The Suburban Experiment, Explained

I have been an enthusiastic adopter of the term “suburban experiment” after having following the magnificent work that Strong Towns does up in Minnesota. But it came to my attention that I have not fully explained it and applied it here in Chicago.  So, I’d like to take a step back. Of course, since I did not invent the term, it’s best to direct you to the primary source. Chuck Marohn’s seminal articles on the suburban experiment note that:

“our post-World War II pattern of development — operates like a classic Ponzi scheme, with ever-increasing rates of growth necessary to sustain long-term liabilities.”

Meaning essentially that this form of development cannot fiscally sustain itself over more than one life cycle without  more growth to pay off previous liabilities.  Essentially, all of the infrastructure that supports the inefficient development pattern that is modern suburbia, the huge investment in roads and utilities to support sparsely dense areas, does not make economic sense after one life cycle.

We’re already seeing this today.

You know we can’t support our towns and cities when roads turn to gravel, when bridges collapse, streetlights get turned off and park districts, schools and municipal budgets are slashed despite ever rising taxes. It means that we’re not allocating our resources efficiently, that maybe the great wealth this country has had has been spent towards a pattern of development that just cannot sustain itself.

 

 

 

Comments

  1. hardawan bayu says

    efficiency in developments, :) crucial thing that i don’t even know how to start saying about it. but your post ignite positive thoughts about managing things we’ve already have. nice

    • says

      Thanks. It’s becoming more and more difficult to manage what we already have which means we need to start making smart decisions now about what kinds of places we want to have in the future given our resources.

    • says

      Funny enough, I think what will be next will be what has already come. A return to development patterns before WWII. And this isn’t necessarily a bad thing. Humans throughout history living in towns and cities have lived close to one another. The last 60 years have been an aberration in terms of town planning. As to the following next, who can say? Let’s just hope we’re using all of our available resources into making things right the first time.

  2. says

    I can’t agree more. Cities all over North America are losing their way, and band-aid solutions just won’t do. In Toronto, we have year-round construction and it causes endless gridlock. You need to be a mountain goat just to get around! More long-term planning is needed but do we have the politicians with the vision to see it? We can only hope.

    • says

      I don’t know if we have the politicians to do it. Rather, is there a will to change from among the people? So for people in cities, particularly in North America, we need to look at how we are building things and whether this makes sense for the future.

      As for Toronto, I was there many years ago, but from the planners I have met from Toronto and the projects I have seen, it would appear that Toronto is light years ahead of most other North American cities in terms of building a quality place. For better or worse. But from what I’ve seen, I think it would be a pleasant place to live.

  3. Mark Brody says

    Interesting read. I guess as growth becomes even more unsustainable, then ghost towns are created.

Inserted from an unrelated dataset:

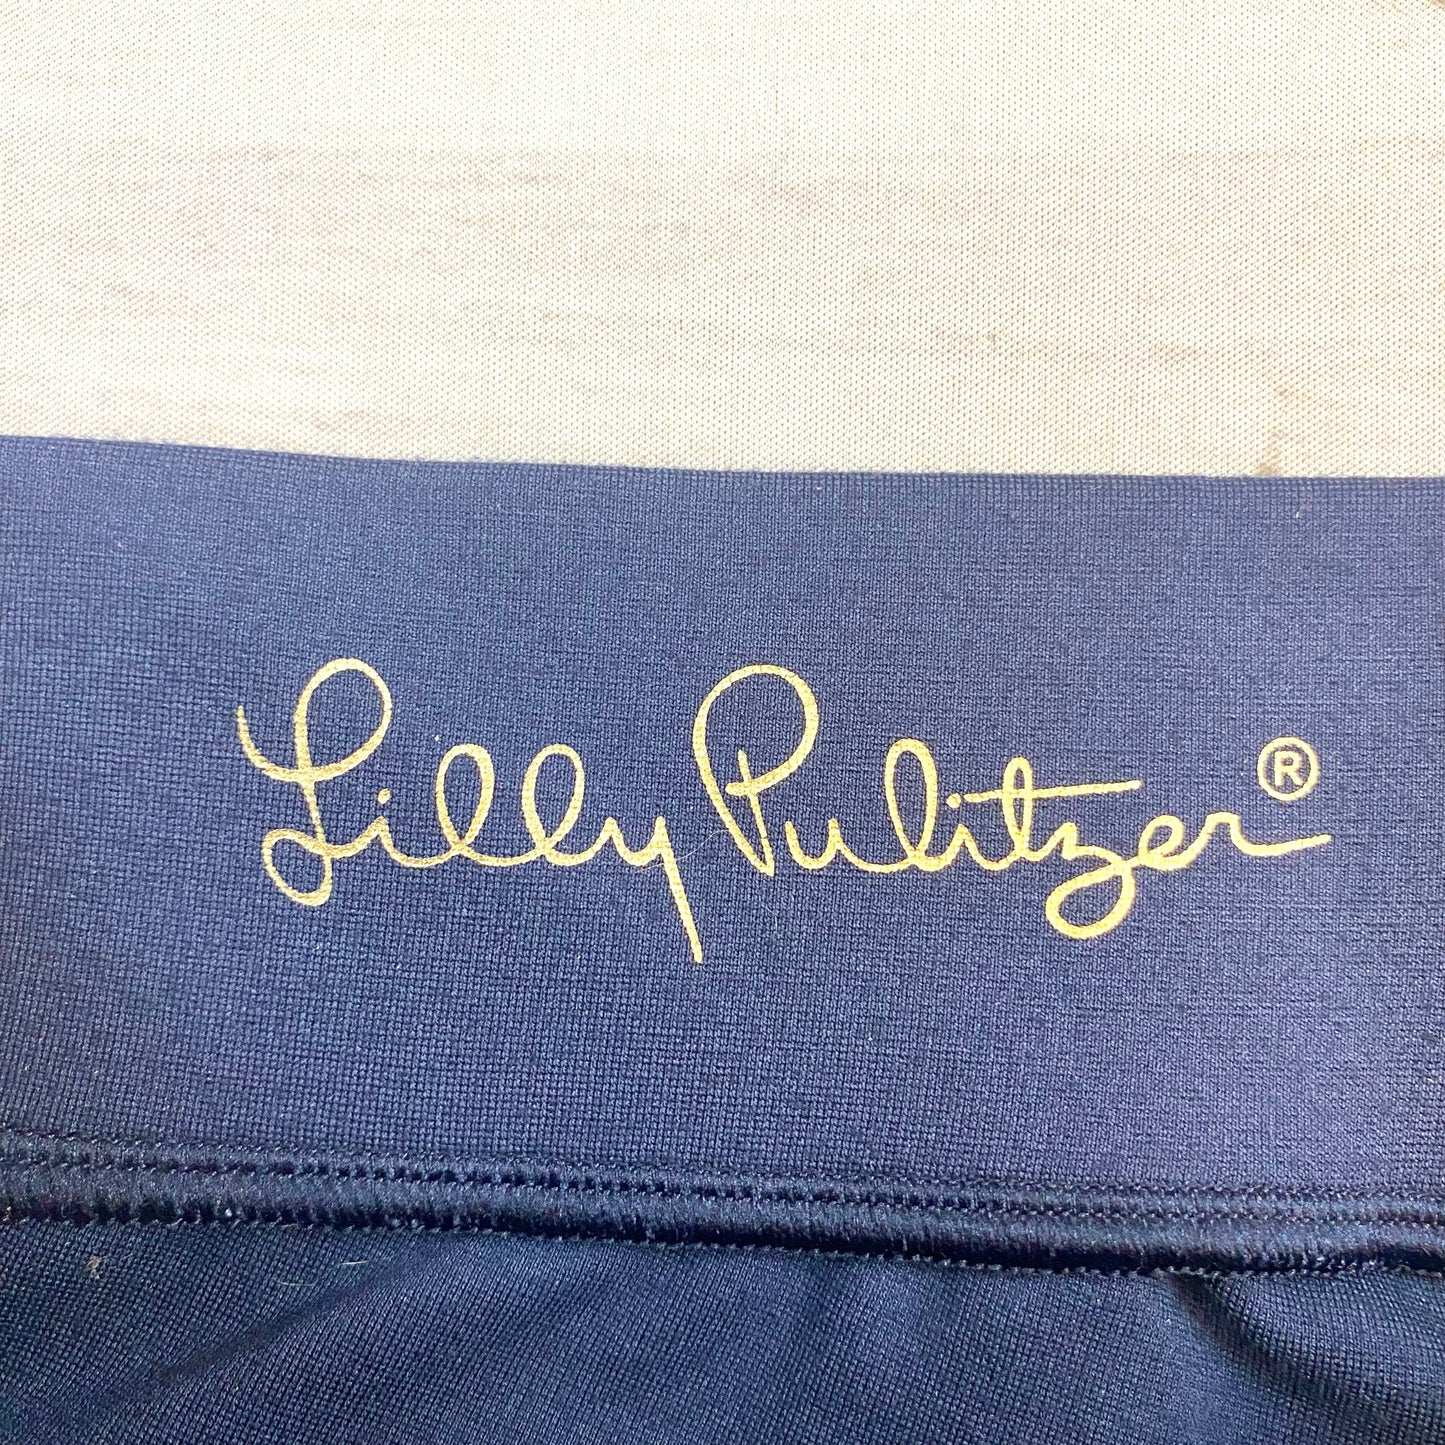 Pants Designer By Lilly Pulitzer  Size: S

What used to be blips on maps, become flatlines with no names to associate their past with their present.

    Thank you for sharing!

  4. Mary Slagel says

    I believe this is very interesting to think about especially in recent times when the housing market did take such a downturn and there are entire neighborhoods left half built with out any residents and entire neighborhoods planned out with streets but lack any structures. It’s bizarre to look at or even think of entire towns abandoned but they are. People always joke about a zombie apocalypse but if you look at some of these places, you would think it already has.

    • says

      Yes, totally true especially at the far ends of most metro areas, not to mention big chunks of Las Vegas, for example. I think it will take a very long time for those areas to rebound.

  5. says

    To me the issue with suburbs is that they age poorly, and when they do they are locked because the best renewal device would be to flatten them and start over with all new roads, houses, and shops, but because an older generation has already bought in it’s too expensive to operate like that.

    • says

      You’re exactly right. Suburbs do age poorly. Look at the ones built right after WWII. For the most part, they look terrible. They are also locked because the infrastructure has already been put into place. It’s fairly difficult to retrofit suburbs to more sustainable urban forms when you have to relocate all of that infrastructure.